Yassine Kharbach,^a ^* Amal Haoudi,^a Frédéric Capet,^b Ahmed Mazzah ^c and Lahcen El Ammari ^d

^aLaboratoire de Chimie Appliquée, Faculté des Sciences et Techniques, Université Sidi Mohamed Ben Abdallah, Fès, Morocco, ^bUnité de Catalyse et de Chimie du Solide (UCCS), UMR 8181. Ecole Nationale, Supérieure de Chimie de Lille, Université Lille 1, 59650 Villeneuve, d'Ascq Cedex, France, ^cUSR 3290 Miniaturisation pour l'Analyse, la Synthèse et la Protéomique, 59655 Villeneuve d'Ascq Cedex, Université Lille 1, France, and ^dLaboratoire de Chimie du Solide Appliquée, Faculté des Sciences, Université Mohammed V, Avenue Ibn Battouta, BP 1014, Rabat, Morocco
^*Correspondence e-mail: kharbachy26@gmail.com

Edited by H. Stoeckli-Evans, University of Neuchâtel, Switzerland (Received 24 November 2015; accepted 30 November 2015; online 6 December 2015)

The title compound, C₁₀H₈BrNO₂, crystallizes with two independent molcules (A and B) in the asymmetric unit. In each molecule, the indoline ring system is almost planar, with the largest deviation from the mean plane being 0.016 (2) Å in molecule A and 0.040 (13) Å in molecule B. In each molecule, the ethyl group is nearly perpendicular to the indoline ring system with C—C—N—C torsion angles of −94.8 (3) and 93.0 (3)° in molecules A and B, respectively. In the crystal, the two molecules are inclined to each other, making a dihedral angle of 6.28 (8)°. In the molecular packing, the A and B molecules are linked by C—H⋯O hydrogen bonds, forming –A–B–A–B– chains along [01-1]. Parallel chains are linked via a weak slipped parallel π–π interaction [inter-centroid distance = 3.6107 (14) Å] and a short Br⋯O contact [3.183 (2) Å], forming a three-dimensional structure.

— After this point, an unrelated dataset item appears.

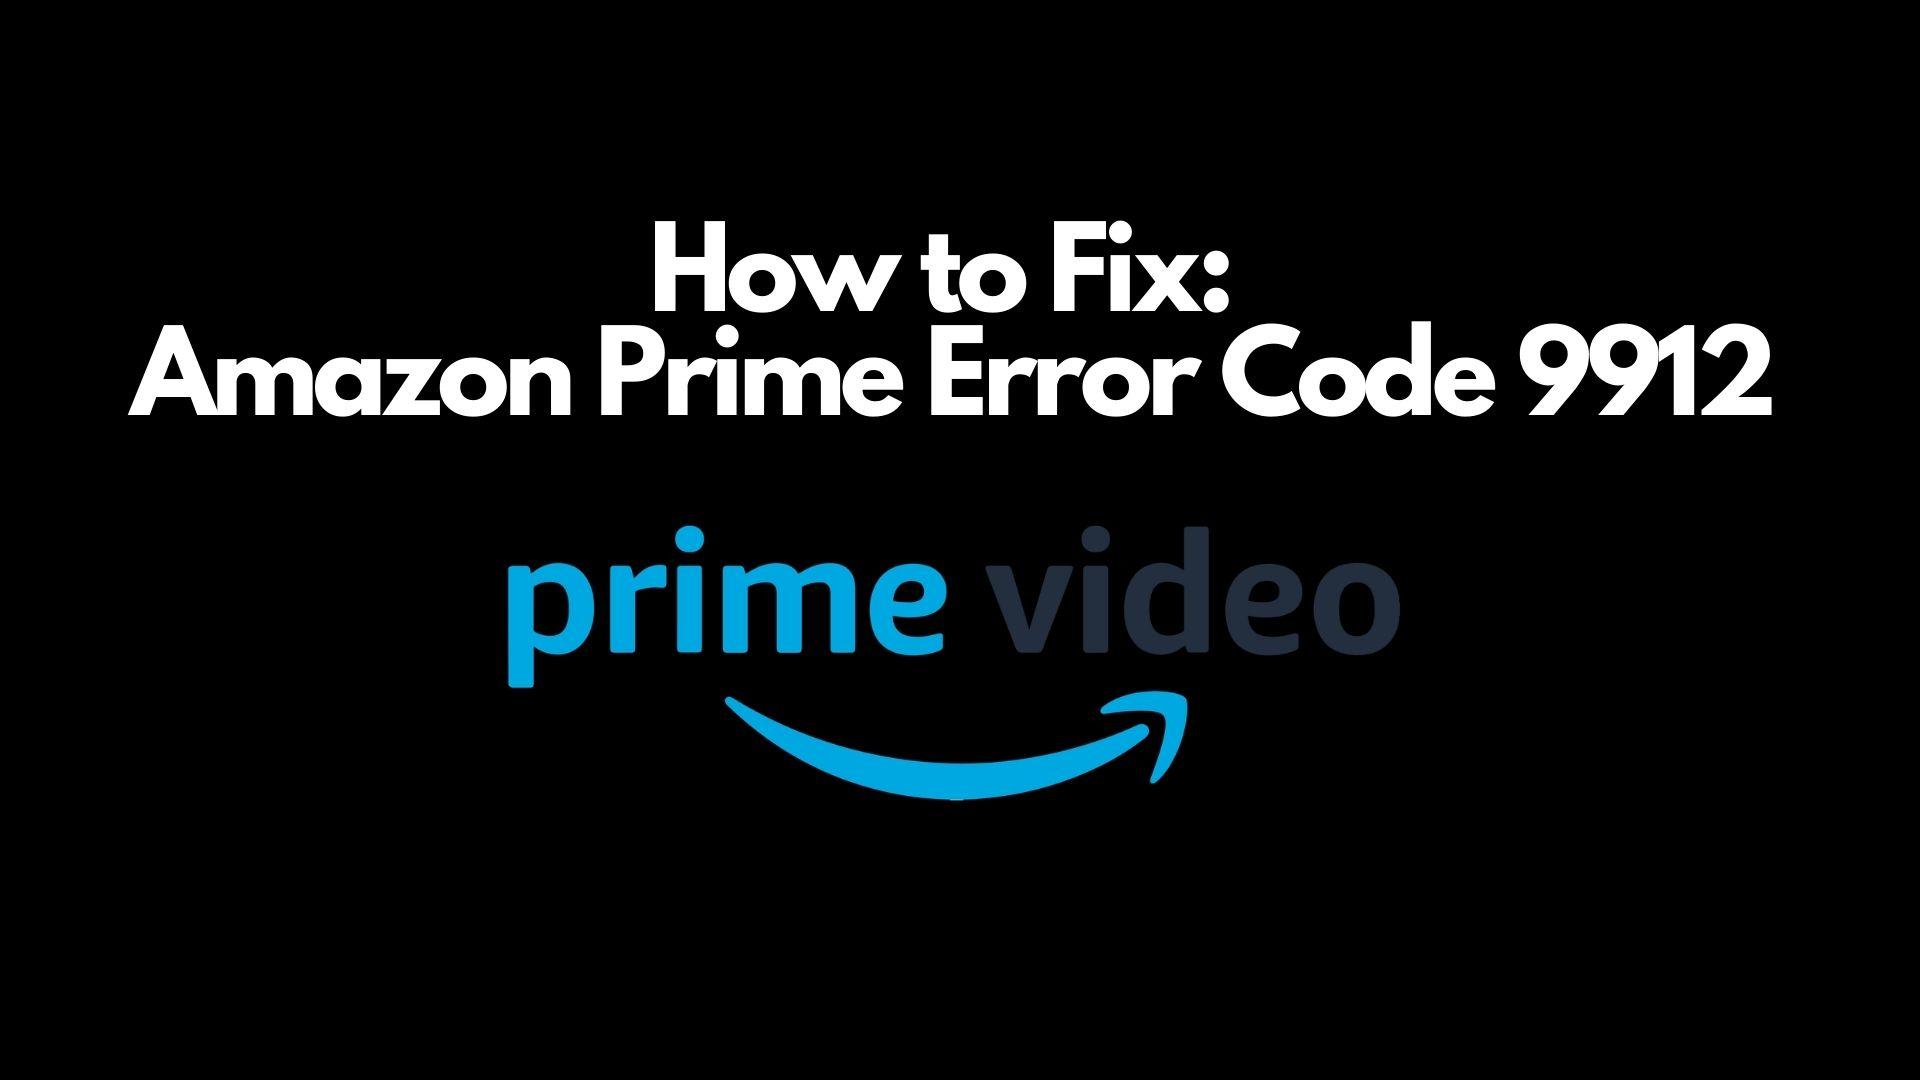 Amazon Prime Error Code 9912
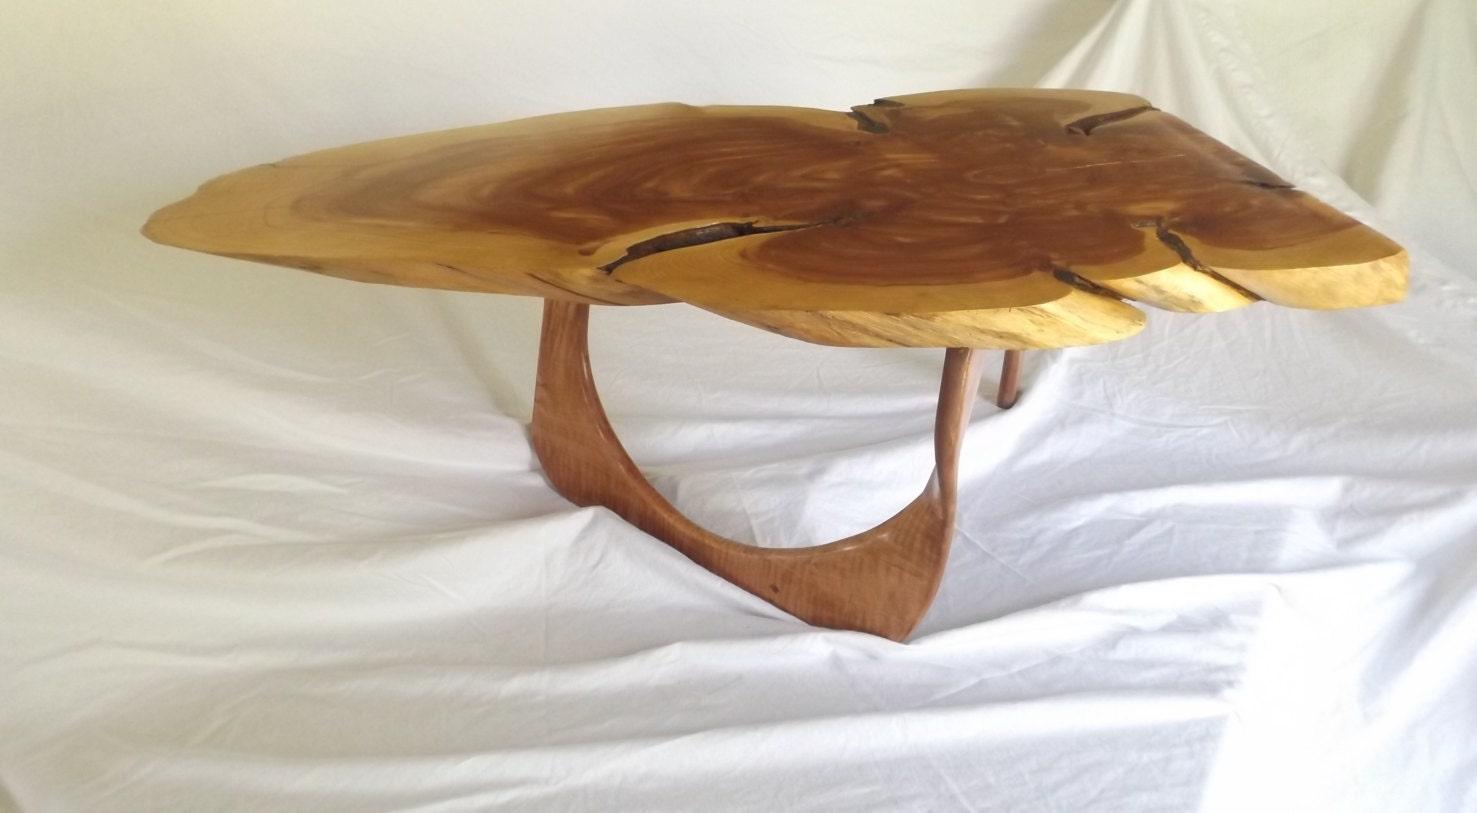 Live Edge Red Cedar Coffee Table By Fishboneworkshop On Etsy

Keywords: crystal structure; indoline; C—H⋯O hydrogen bonds; slipped parallel π–π interaction; short Br⋯O interaction.

CCDC reference: 1439717

1. Related literature

For biological activities of isatin derivatives, see: Samus et al. (2004 ); Sarangapani & Reddy (1994 ); Varma et al. (2004 ); Pandeya et al. (1999 ). For the use of isatin derivatives as reagents in organic synthesis and as raw materials for drug synthesis, see: Abele et al. (2003 ). For their use as corrosion inhibitors, see: Da Silva et al. (2013 ).

2. Experimental

2.1. Crystal data

C₁₀H₈BrNO₂
M_r = 254.08
Triclinic, $[P \overline 1]$
a = 9.5198 (3) Å
b = 10.0655 (3) Å
c = 11.2341 (3) Å
α = 70.9288 (16)°
β = 75.4109 (16)°
γ = 85.2199 (16)°
V = 984.58 (5) Å³
Z = 4
Mo Kα radiation
μ = 4.15 mm⁻¹
T = 296 K
0.50 × 0.27 × 0.16 mm

2.2. Data collection

Bruker APEXII CCD diffractometer
Absorption correction: multi-scan (SADABS; Bruker, 2009 ) T_min = 0.363, T_max = 0.746
40192 measured reflections
6275 independent reflections
4053 reflections with I > 2σ(I)
R_int = 0.045

2.3. Refinement

R[F² > 2σ(F²)] = 0.039
wR(F²) = 0.105
S = 1.02
6275 reflections
255 parameters
H-atom parameters constrained
Δρ_max = 0.66 e Å⁻³
Δρ_min = −0.47 e Å⁻³

Table 1
Hydrogen-bond geometry (Å, °)

D—H⋯A	D—H	H⋯A	D⋯A	D—H⋯A
C9—H9A⋯O3ⁱ	0.97	2.58	3.351 (4)	136
C13—H13⋯O1ⁱⁱ	0.93	2.60	3.514 (3)	170
C19—H19B⋯O1ⁱⁱ	0.97	2.54	3.368 (3)	143
Symmetry codes: (i) -x+1, -y+1, -z+1; (ii) -x, -y, -z+2.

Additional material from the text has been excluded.